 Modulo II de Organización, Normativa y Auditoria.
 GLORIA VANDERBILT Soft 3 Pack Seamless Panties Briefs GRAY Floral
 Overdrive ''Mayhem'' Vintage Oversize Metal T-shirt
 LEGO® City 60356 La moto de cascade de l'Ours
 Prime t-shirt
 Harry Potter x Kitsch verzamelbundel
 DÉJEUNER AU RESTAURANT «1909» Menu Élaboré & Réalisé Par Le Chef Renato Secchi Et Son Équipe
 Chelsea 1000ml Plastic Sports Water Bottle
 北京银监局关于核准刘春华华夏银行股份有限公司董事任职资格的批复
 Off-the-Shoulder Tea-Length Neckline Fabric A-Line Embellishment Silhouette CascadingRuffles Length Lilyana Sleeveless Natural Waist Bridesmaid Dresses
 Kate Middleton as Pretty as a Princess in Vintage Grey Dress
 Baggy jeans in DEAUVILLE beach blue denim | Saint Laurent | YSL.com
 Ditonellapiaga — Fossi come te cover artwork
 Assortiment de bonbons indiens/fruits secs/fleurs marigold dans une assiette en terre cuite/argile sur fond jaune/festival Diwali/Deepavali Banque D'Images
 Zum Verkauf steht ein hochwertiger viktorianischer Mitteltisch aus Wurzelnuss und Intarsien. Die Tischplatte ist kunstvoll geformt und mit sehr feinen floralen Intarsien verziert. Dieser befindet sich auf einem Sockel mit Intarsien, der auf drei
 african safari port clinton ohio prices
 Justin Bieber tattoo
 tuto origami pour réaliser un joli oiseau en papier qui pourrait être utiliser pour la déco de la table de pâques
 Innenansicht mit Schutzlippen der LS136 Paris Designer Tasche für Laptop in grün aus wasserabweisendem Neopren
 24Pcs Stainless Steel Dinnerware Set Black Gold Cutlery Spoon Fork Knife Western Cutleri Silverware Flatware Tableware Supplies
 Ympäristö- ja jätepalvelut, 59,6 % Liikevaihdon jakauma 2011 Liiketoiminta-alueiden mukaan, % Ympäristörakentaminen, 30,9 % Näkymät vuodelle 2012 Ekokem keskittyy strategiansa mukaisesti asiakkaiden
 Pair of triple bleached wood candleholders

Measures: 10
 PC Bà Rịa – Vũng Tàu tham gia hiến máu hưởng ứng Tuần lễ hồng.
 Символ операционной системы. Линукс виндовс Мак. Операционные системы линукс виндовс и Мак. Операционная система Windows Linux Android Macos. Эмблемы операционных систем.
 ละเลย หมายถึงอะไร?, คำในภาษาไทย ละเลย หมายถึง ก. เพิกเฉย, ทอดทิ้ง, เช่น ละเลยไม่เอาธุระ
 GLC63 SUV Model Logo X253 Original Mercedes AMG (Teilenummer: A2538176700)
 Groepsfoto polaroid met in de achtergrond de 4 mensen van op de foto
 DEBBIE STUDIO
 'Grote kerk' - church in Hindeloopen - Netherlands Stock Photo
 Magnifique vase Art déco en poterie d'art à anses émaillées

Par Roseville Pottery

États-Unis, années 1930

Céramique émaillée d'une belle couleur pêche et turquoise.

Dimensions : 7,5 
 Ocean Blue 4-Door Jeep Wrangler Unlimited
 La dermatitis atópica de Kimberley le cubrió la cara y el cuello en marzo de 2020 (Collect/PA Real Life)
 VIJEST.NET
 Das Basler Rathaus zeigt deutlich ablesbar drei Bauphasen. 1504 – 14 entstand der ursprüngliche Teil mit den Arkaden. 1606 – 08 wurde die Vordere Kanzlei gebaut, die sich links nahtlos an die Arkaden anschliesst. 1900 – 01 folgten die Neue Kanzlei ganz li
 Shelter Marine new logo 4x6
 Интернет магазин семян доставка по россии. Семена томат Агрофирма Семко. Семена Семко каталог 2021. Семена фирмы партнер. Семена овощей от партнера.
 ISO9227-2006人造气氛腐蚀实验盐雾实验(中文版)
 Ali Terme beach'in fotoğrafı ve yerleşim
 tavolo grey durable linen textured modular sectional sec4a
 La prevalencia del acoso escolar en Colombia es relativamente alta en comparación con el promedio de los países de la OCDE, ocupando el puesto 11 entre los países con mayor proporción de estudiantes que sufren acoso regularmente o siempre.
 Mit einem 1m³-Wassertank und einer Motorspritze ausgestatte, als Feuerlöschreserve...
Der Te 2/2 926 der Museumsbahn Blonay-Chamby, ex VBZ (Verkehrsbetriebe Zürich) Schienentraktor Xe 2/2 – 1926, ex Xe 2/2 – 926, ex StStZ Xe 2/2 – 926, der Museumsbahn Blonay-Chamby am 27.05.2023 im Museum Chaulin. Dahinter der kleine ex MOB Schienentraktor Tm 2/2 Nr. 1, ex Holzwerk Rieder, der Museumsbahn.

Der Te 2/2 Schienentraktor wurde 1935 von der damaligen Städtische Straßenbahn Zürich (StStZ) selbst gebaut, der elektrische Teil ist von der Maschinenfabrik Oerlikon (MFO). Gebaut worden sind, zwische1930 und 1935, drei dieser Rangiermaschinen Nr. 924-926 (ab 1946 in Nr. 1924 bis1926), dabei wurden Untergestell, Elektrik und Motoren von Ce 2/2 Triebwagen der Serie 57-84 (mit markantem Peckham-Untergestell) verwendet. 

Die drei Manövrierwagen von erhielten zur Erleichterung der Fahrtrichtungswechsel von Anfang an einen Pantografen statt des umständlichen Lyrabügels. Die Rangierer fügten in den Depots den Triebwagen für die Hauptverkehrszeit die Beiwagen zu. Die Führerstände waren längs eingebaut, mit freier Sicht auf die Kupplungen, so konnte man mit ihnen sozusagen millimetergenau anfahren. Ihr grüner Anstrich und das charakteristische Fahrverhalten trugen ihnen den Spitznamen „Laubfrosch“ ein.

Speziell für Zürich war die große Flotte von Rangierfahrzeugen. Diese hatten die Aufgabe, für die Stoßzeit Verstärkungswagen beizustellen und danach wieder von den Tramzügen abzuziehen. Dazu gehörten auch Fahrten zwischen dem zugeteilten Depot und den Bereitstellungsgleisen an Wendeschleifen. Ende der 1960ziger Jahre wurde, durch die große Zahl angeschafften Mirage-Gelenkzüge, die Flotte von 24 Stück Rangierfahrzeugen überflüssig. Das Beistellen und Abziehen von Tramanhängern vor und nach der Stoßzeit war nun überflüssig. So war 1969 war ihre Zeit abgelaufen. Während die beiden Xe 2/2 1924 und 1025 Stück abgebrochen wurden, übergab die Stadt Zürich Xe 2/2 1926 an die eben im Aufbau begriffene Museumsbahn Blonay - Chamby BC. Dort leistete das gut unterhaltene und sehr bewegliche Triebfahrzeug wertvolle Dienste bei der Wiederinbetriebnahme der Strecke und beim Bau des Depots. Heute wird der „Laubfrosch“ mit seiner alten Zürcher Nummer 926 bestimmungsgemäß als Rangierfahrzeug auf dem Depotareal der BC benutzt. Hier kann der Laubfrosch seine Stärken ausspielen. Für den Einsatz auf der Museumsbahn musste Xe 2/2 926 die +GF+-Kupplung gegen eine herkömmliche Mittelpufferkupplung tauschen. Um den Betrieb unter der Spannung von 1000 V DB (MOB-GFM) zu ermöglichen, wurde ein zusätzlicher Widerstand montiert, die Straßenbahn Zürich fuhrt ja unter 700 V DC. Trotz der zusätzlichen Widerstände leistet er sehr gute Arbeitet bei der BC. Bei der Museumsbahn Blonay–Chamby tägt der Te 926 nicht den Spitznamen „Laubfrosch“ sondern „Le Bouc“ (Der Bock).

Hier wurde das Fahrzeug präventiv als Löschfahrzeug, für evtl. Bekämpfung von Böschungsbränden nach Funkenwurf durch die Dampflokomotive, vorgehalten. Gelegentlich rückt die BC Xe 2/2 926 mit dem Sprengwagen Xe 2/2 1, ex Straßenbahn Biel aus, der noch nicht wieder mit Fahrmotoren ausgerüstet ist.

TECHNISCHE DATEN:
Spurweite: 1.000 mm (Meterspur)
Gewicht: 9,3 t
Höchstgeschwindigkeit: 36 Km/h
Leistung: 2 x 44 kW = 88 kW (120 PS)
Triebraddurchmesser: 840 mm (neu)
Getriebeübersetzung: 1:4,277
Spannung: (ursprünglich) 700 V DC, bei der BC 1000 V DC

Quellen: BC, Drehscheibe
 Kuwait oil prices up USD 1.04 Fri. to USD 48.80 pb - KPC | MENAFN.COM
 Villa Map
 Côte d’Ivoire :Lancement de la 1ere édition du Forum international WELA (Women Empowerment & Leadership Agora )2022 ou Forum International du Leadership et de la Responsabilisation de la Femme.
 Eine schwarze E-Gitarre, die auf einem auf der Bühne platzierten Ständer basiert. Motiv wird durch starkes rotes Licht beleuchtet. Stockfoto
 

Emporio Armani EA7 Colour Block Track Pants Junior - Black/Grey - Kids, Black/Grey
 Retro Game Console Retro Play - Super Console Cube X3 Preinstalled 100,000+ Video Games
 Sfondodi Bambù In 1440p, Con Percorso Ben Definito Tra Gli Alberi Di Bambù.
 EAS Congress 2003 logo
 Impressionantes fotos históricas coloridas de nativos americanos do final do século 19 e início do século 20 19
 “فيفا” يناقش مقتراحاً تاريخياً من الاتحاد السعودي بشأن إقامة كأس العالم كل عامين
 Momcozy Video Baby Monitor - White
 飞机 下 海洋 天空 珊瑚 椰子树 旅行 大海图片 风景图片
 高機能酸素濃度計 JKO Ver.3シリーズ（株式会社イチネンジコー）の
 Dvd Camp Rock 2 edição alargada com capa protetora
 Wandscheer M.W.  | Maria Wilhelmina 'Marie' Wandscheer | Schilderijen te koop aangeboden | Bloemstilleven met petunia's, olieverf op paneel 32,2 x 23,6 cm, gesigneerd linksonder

### [Exercise]
Write out exactly the lines above between the line with "african safari port clinton ohio prices" and the line with "PC Bà Rịa –", inclusive, and nothing beyond them.

### [Task output]
 african safari port clinton ohio prices
 Justin Bieber tattoo
 tuto origami pour réaliser un joli oiseau en papier qui pourrait être utiliser pour la déco de la table de pâques
 Innenansicht mit Schutzlippen der LS136 Paris Designer Tasche für Laptop in grün aus wasserabweisendem Neopren
 24Pcs Stainless Steel Dinnerware Set Black Gold Cutlery Spoon Fork Knife Western Cutleri Silverware Flatware Tableware Supplies
 Ympäristö- ja jätepalvelut, 59,6 % Liikevaihdon jakauma 2011 Liiketoiminta-alueiden mukaan, % Ympäristörakentaminen, 30,9 % Näkymät vuodelle 2012 Ekokem keskittyy strategiansa mukaisesti asiakkaiden
 Pair of triple bleached wood candleholders

Measures: 10
 PC Bà Rịa – Vũng Tàu tham gia hiến máu hưởng ứng Tuần lễ hồng.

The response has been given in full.